Basically that covers the “mainstream”, “sensible” positions in economics today, everything else being a collection of loonies and hucksters trying to sell snake oil like supply side economics, trickle down, tax cuts that pay for themselves and other mythical beasts, that have no more real existence than the Easter bunny, unicorns or fire-breathing dragons. The more clear-eyed within the profession admit we are facing a “secular stagnation”, as the two great components that have kept the economy growing at a fast pace have exhausted themselves, to wit:

·         Demographic growth (more people meant more consumers and more producers at the same time) is essentially over, except in some backwaters in Africa, and demographic contraction is already in an advanced stage in places like Japan, Singapore, Russia, most of the UE, and soon Latin America and the USA. Good luck finding increasing numbers of consumers in the next decade there. China is also already about to start decreasing in number, but as their numerous citizens continue going from dirt poor to moderately poor (to, maybe some day, moderately affluent) you can still hope to sell them additional units of whatever gewgaw. Ditto for India. But even those will eventually peter out

·         Technological advance, which in turn drives increased productivity, so your dwindling workers can keep on producing the same (or even more) has gone the way of demographic grow. The reasons of its demise are not as clear, but my hunch is that it has to do with the aging of the population and the incentive structure of the market we have jointly created being massively slanted towards short term gain, which leaves very little resources to more long term, potentially disruptive technologies.

So if we can not trust that keeping things basically as they stand now (plus a UBI) may get us out of our low growth predicament, and such predicament ensures that increasing numbers of workers (specially the youngest and the less skilled) are left out of the economic ladder, increasingly hopeless, may be it is high time to ditch incrementalism and go for a more radical alternative (what used to be termed the “revolutionary” path). It has to be reckoned that the revolutionary record is pretty dismal, even if we concede high marks to the English and American Revolutions, we still have to fail the French, the Russian, the German, the Spanish (the last two happened in a very convulse period, in the face of counterrevolutionary tendencies that either threatened or effectively brought about a good deal of similarly perverse effects), the Chinese (which we could extend to encompass the Korean, Vietnamese and Cambodian), the Iranian and most likely the Lybian, Egyptian, Syrian and possibly Ukrainian… more than enough to discourage any aspiring revolutionary that the odds are heavily stacked against him, and that more likely than not the unexpected results of whatever discontinuity he may champion may end outweighing the potential positives.
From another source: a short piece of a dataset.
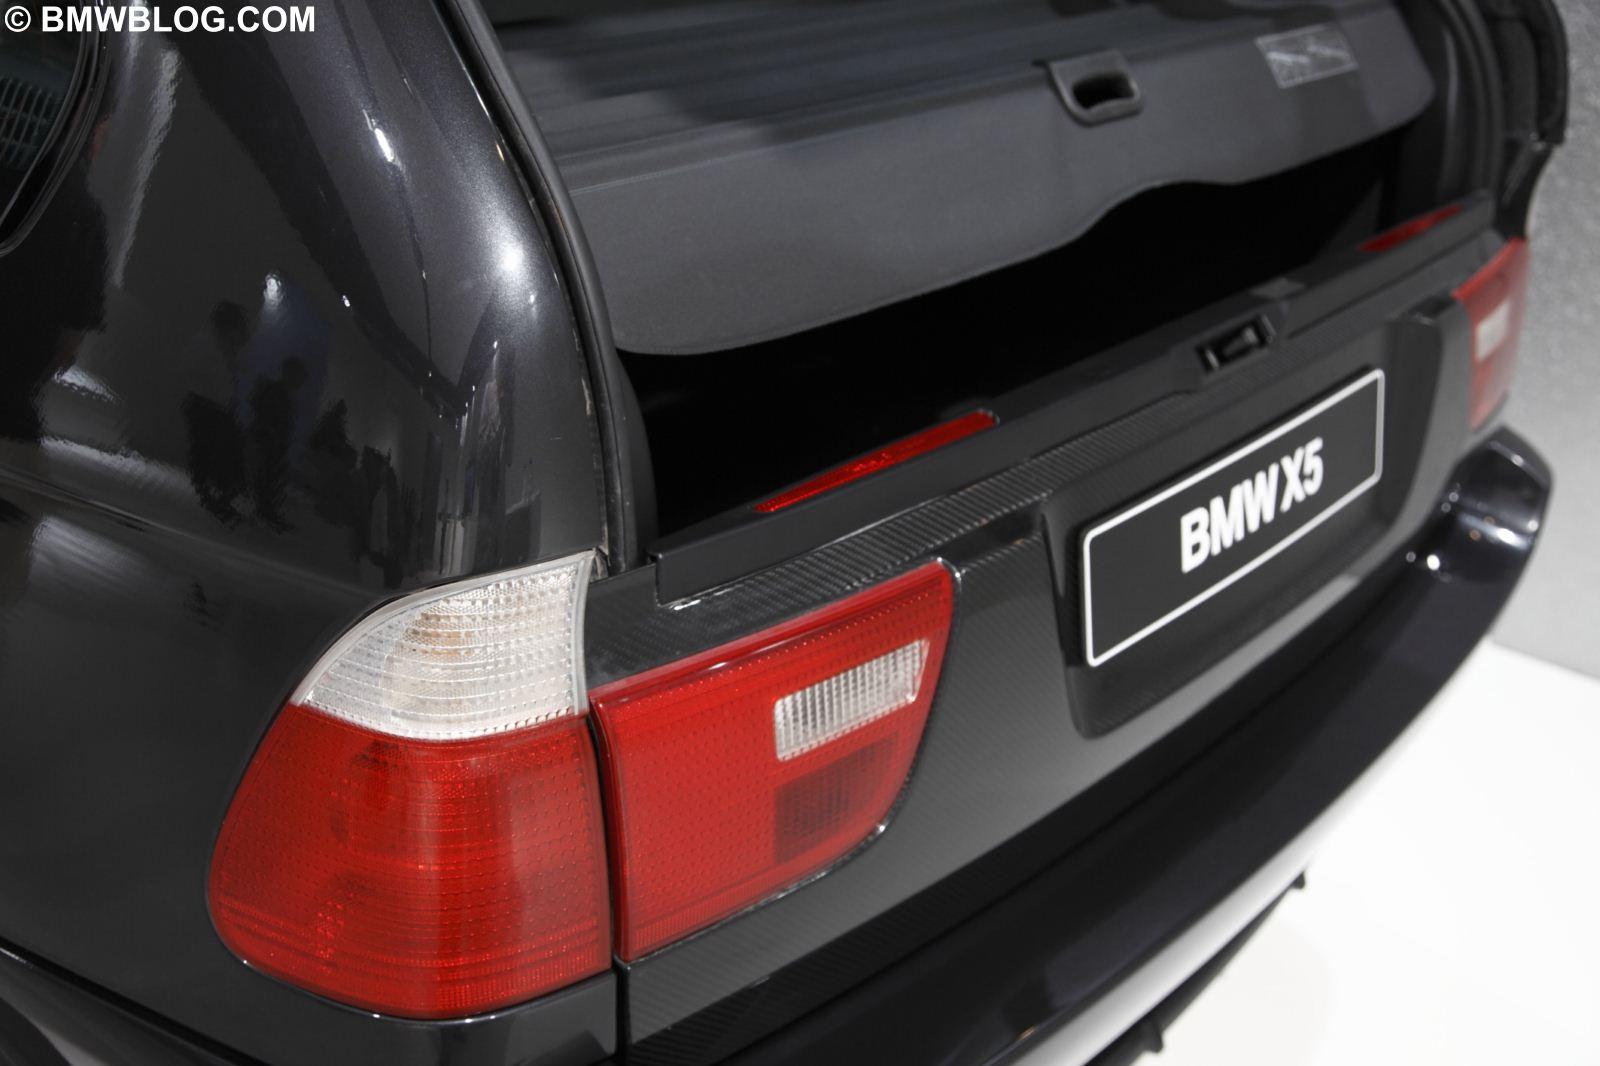 Exclusive Bmw X5 With Carbon Fiber Unibody

However, we shall not be deterred by the failures of the past. All this was intended to serve as a preamble of my next post regarding the desirable economic organization of society, which although as tongue-in-cheek as usual when I deal with the dismal science (which I do not consider a science at all) will probably be a bit more daring and a bit more unmoored in reality than usual. We blog, after all, to improve our ability playing with words, so play we will, and find out where our revolutionary fancy takes us.